CHO 细胞,用于制造抗体,是在 20 世纪 40 年代从被走私出中国的仓鼠中分离出来的。现代聚合酶链反应,这一在新冠病毒检测中至关重要的技术,之所以能够实现,是因为发现了生活在黄石国家公园的耐热微生物中的酶。而第一种蛋白质结构的解析则是通过从存放在剑桥大学冷冻室中的抹香鲸血样中提纯肌红蛋白实现的。
In recent decades, sequencing technologies have made it easier and cheaper than ever to decode genomes and upload the sequences to databases. It is no longer necessary for scientists to collect DNA from animal tissues directly since they can now download the sequences online and order them from DNA synthesis companies.

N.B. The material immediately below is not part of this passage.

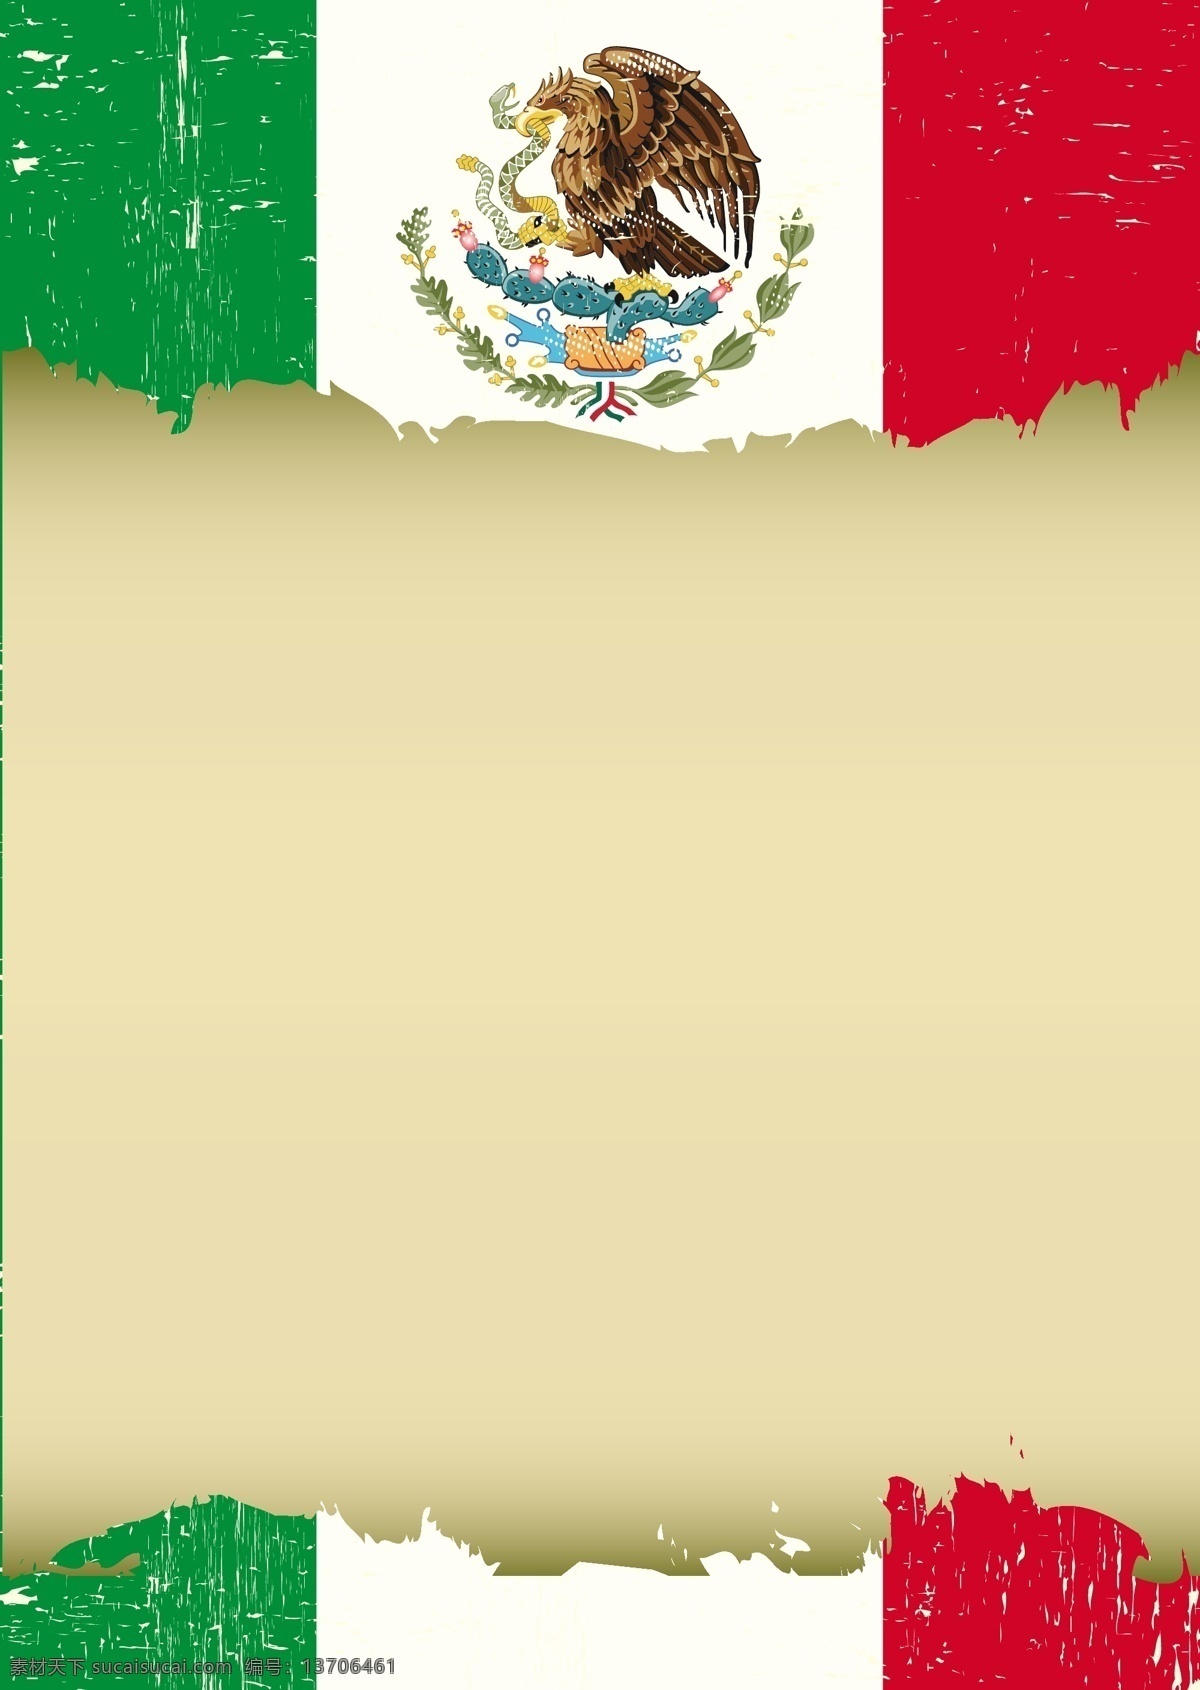 复古 墨西哥 国旗 墨西哥国旗 矢量图案 边框底纹 背景图案 生活百科 矢量素材 黄色

在最近几十年中,测序技术使解码基因组变得比以往更容易且更便宜,并将这些序列上传到数据库。科学家们不再需要直接从动物组织中采集 DNA,因为他们现在可以在线下载这些序列并从 DNA 合成公司订购它们。
There is one interpretation of this that might lead us to become less concerned about the future and plentitude of the animals we exploit for biomanufacturing. Our ability to synthesize compounds means we no longer need fresh animal tissues to extract information about their DNA or 12,000 snails to make a gram of brilliant purple dye. However, as habitats vanish and animals go extinct, biotechnology’s potential to discover and exploit new tools, and new genome sequences, will also diminish. So while we can revel in the discoveries we have already made and trends that show a move away from biopharming, we should remain vigilant about protecting wild nature.

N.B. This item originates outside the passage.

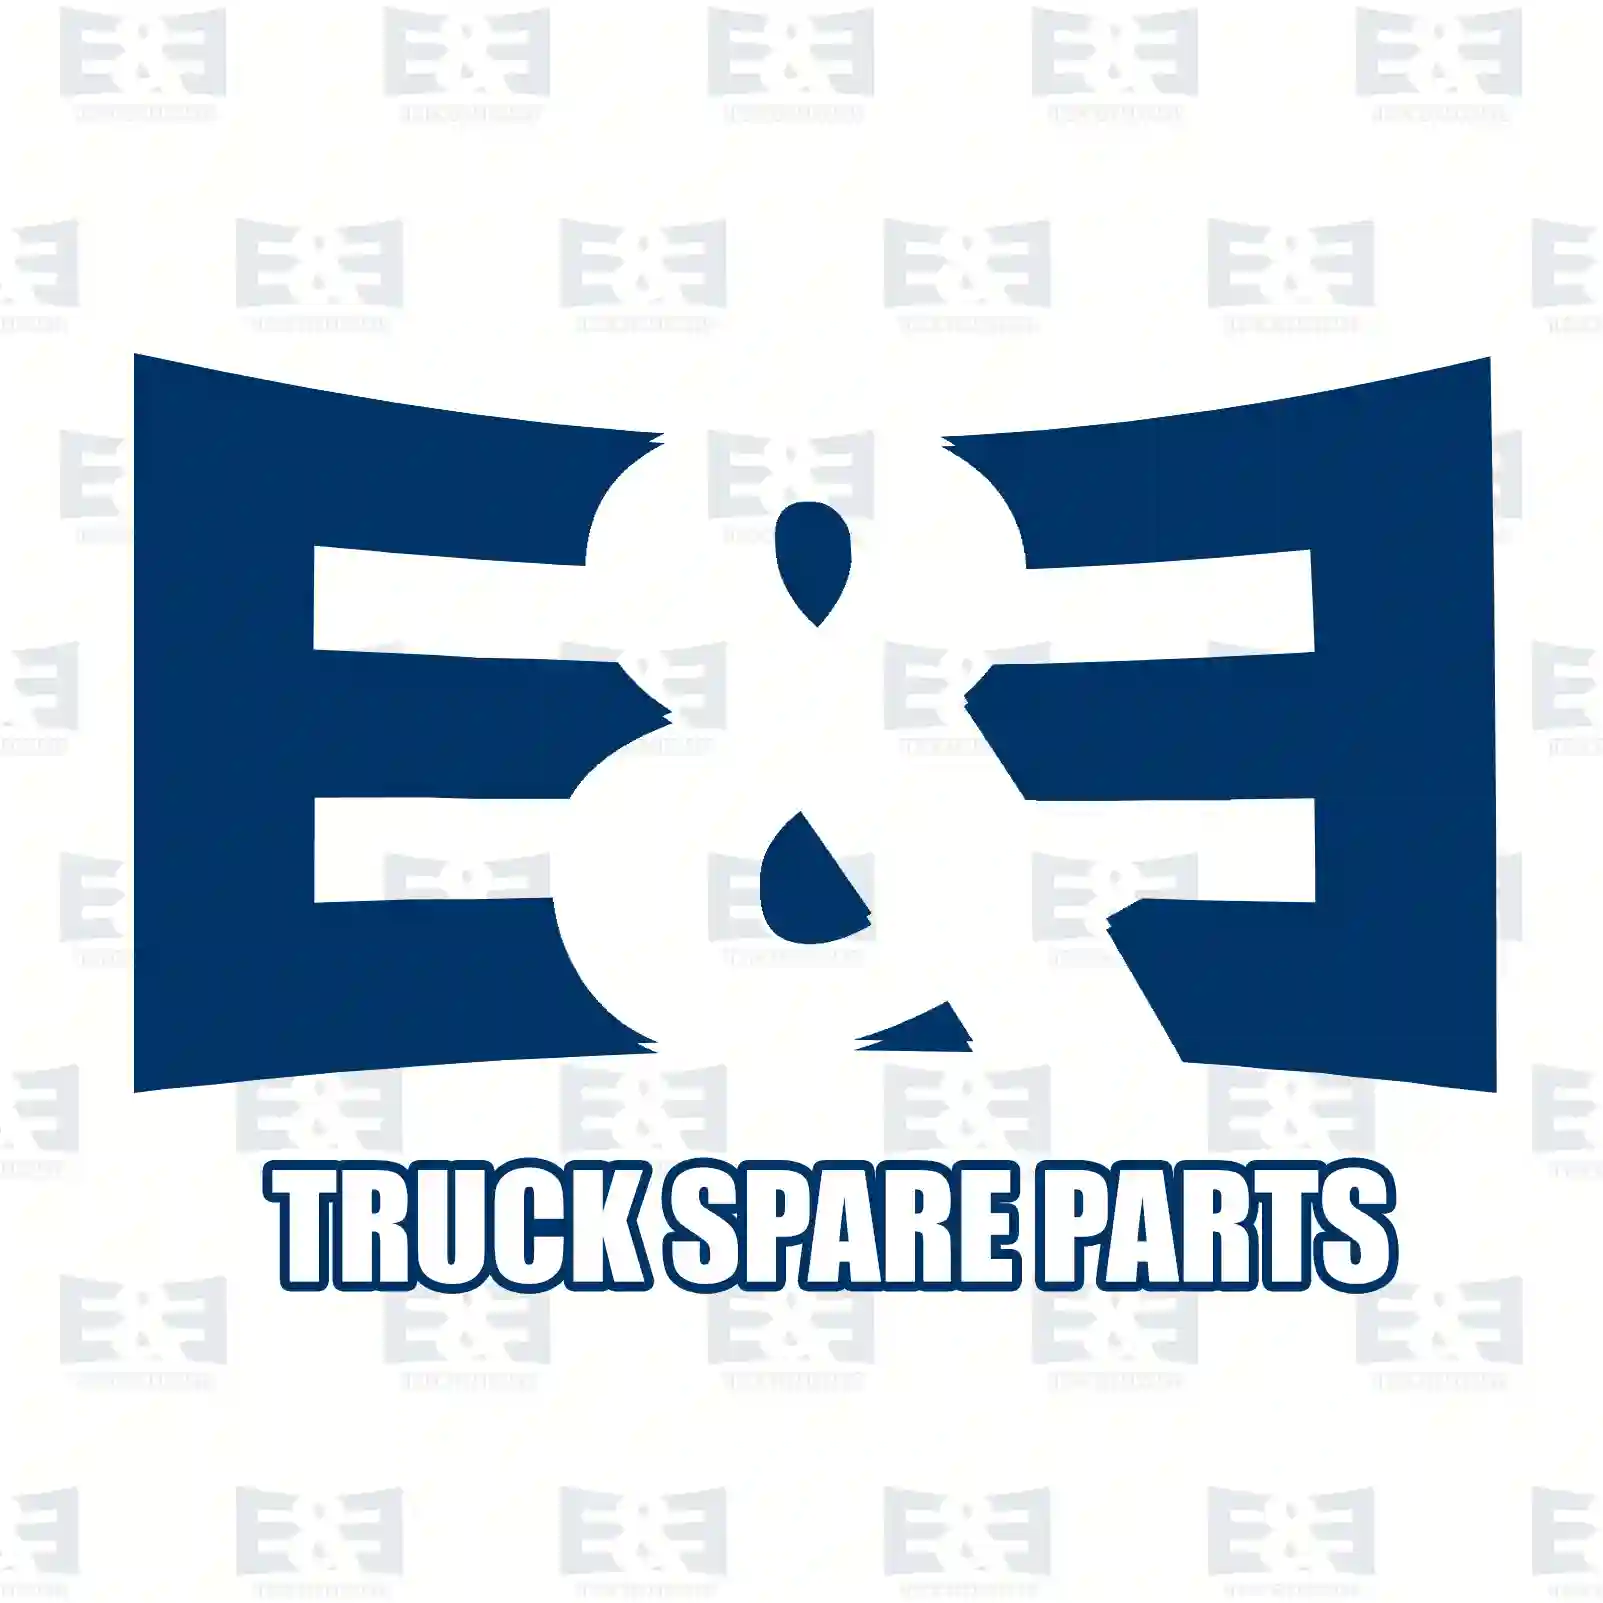 Brake disc, 2E2295019, 6704210012, , , , , , , , , ||  2E2295019 E&E Truck Spare Parts | Truck Spare Parts, Auotomotive Spare Parts Brake disc, 2E2295019, 6704210012, , , , , , , , , ||  2E2295019 E&E Truck Spare Parts | Truck Spare Parts, Auotomotive Spare Parts

对此有一种解读,可能会让我们对未来和我们剥削的动物的丰富性感到不那么担忧。我们合成化合物的能力意味着我们不再需要新鲜的动物组织来提取它们的 DNA 信息,也不需要 12,000 只蜗牛来制造一克璀璨紫色染料。然而,随着栖息地的消失和动物的灭绝,生物技术发现和开发新工具以及新基因组序列的潜力也将减少。因此,虽然我们可以为已经取得的发现和显示远离生物农业的趋势而欢欣鼓舞,但我们仍然应该时刻警惕保护野生自然。
After all, CRISPR – part of a bacterial defense system that was first adapted into a gene-editing tool in 2012 – was initially discovered by Francisco Mojica, a Spanish researcher, while studying an obscure (and rare) species of archaea called Haloferax mediterranei. When humans destroy ecosystems, they also destroy genetic information that could yield future breakthroughs. Biotechnology is not independent from the natural world – it’s enmeshed within it.
毕竟,CRISPR——一种细菌防御系统的一部分,首次在 2012 年被改编为基因编辑工具——最初是由西班牙研究员弗朗西斯科·莫西卡发现的,当时他正在研究一种名为 Haloferax mediterranei 的稀有古菌。当人类破坏生态系统时,也在破坏可能带来未来突破的遗传信息。生物技术并不是独立于自然界,它深深嵌入其中。